Im sorry I don't speak French but you seem to have pretty good English so if u were pronouncing it using English pronounciation they would sound something like this:

Tá áthas orm go bhfuil tú mar chara agam
Taw aw-hiss urm guh will too mar kara agum.

Tá áthas orm gur cairde muid
Taw aw-hiss orm gur  kawr-da mwid.


Hope that helps
Au revoir et salut


----------



## poorBear

Banbha said:


> Im sorry I don't speak French but you seem to have pretty good English so if u were pronouncing it using English pronounciation they would sound something like this:
> 
> Tá áthas orm go bhfuil tú mar chara agam
> Taw aw-hiss urm guh will too mar kara agum.
> 
> Tá áthas orm gur cairde muid
> Taw aw-hiss orm gur kawr-da mwid.
> 
> 
> Hope that helps
> Au revoir et salut


 
Great ! Thanks for your big efforts 
It's not easyier than French


----------



## Sionees

I keep on chasing Flaminius to say thank you - but it is sincerely meant.

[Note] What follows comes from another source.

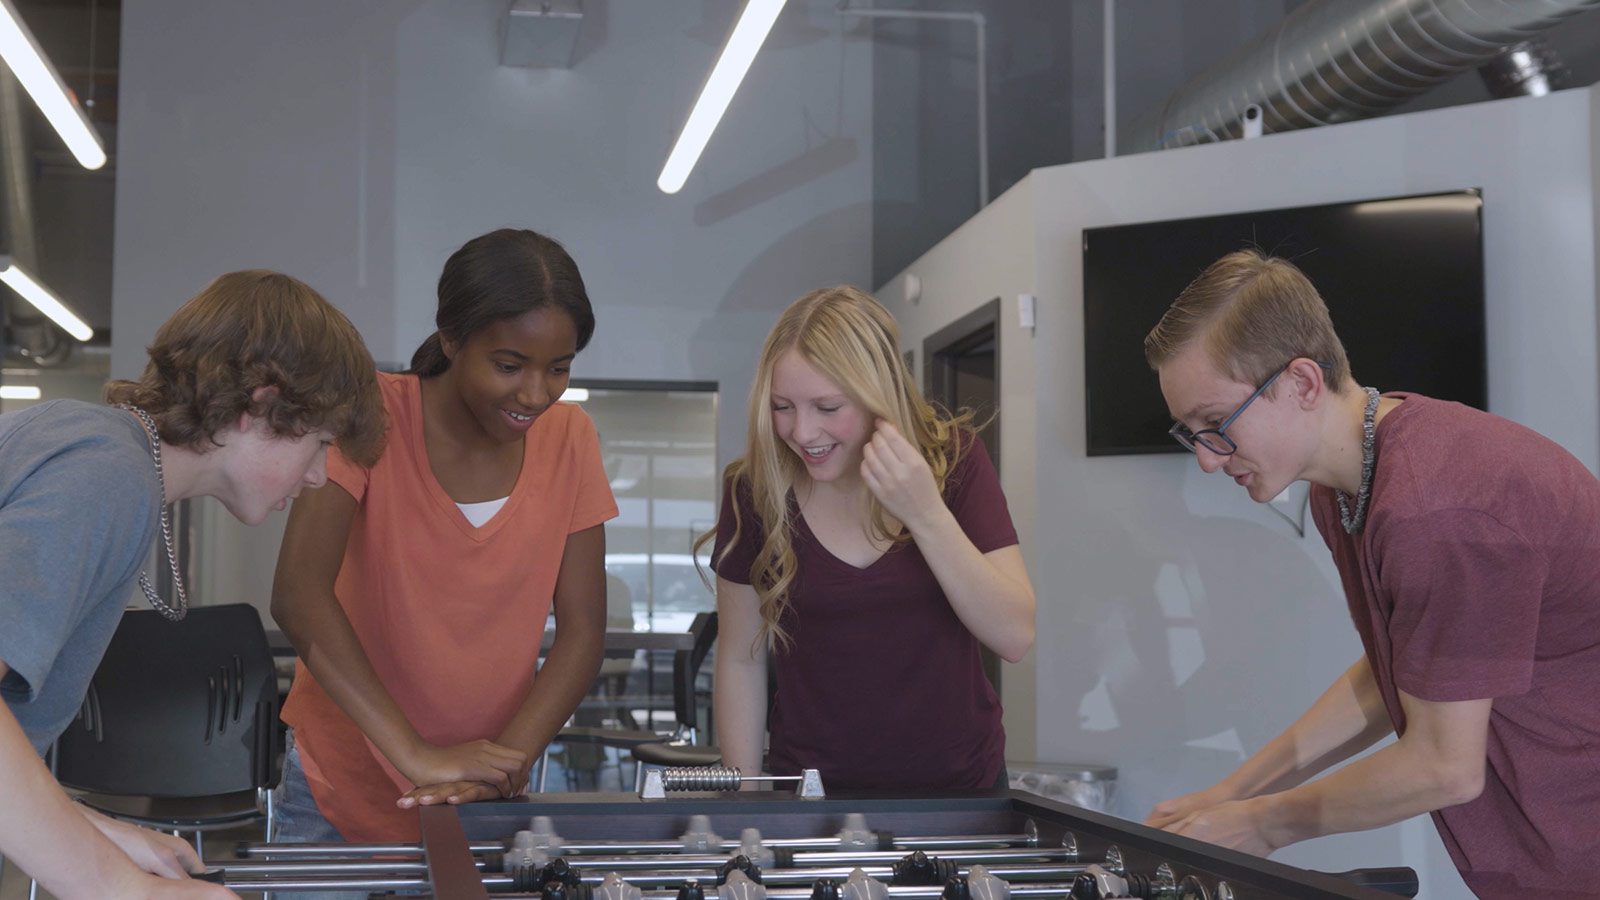 Teenagers smiling and playing foosball in a bright, contemporary recreational space.

I will soon be able to type in my own references properly.


----------



## poorBear

Sionees said:


> I keep on chasing Flaminius to say thank you - but it is sincerely meant. I will soon be able to type in my own references properly.


 
Well done ! I had to look for Flaminius  but it was interesting.

Encore merci.

You're kind.


----------



## bb3ca201

I guess you could say that literally in Scottish Gaelic, or you coiuld be simpler and say:Tha mi toilichte gur mo charaid thu.I'm happy that you are my friend.


----------



## valskyfrance

thanks a lot
Happy new year...


----------